Start of Input data

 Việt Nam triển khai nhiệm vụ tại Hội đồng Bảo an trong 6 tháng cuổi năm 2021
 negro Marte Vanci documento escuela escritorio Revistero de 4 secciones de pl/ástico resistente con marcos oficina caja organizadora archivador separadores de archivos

End of Input data
Start of Input data

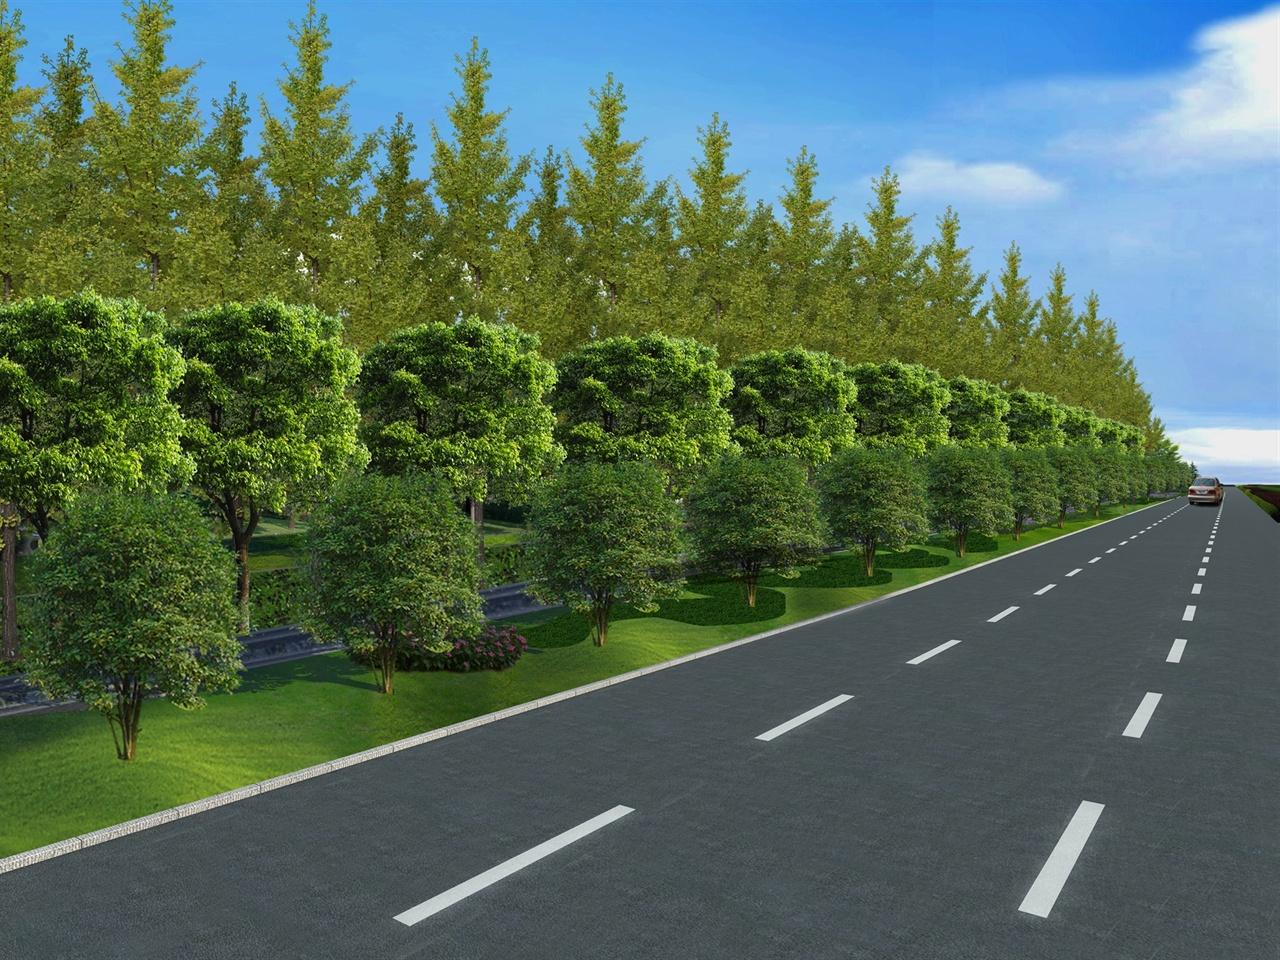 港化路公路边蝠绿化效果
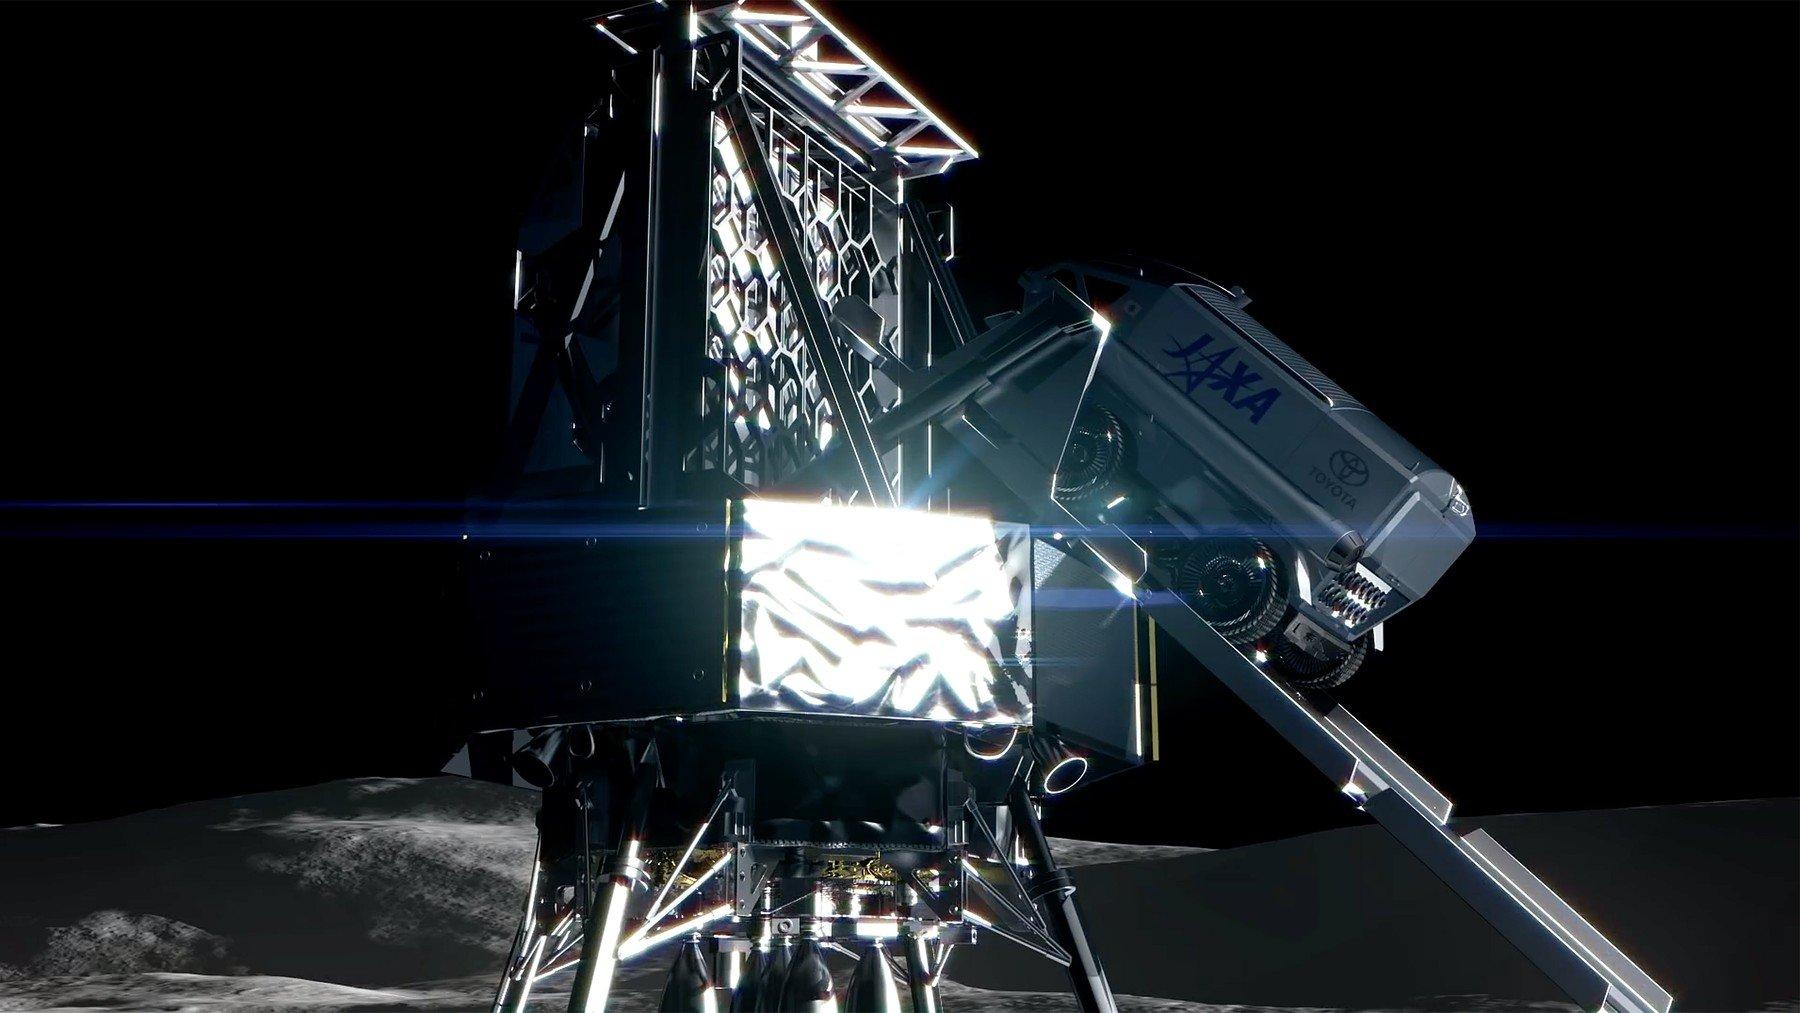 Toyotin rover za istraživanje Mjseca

End of Input data

* **Instructions to follow**
In the records above, the line with "Việt Nam triển" marks the start and the line with "negro Marte Vanci" marks the end; copy that stretch exactly, both lines included, and nothing else.

* **Answer section**
 Việt Nam triển khai nhiệm vụ tại Hội đồng Bảo an trong 6 tháng cuổi năm 2021
 negro Marte Vanci documento escuela escritorio Revistero de 4 secciones de pl/ástico resistente con marcos oficina caja organizadora archivador separadores de archivos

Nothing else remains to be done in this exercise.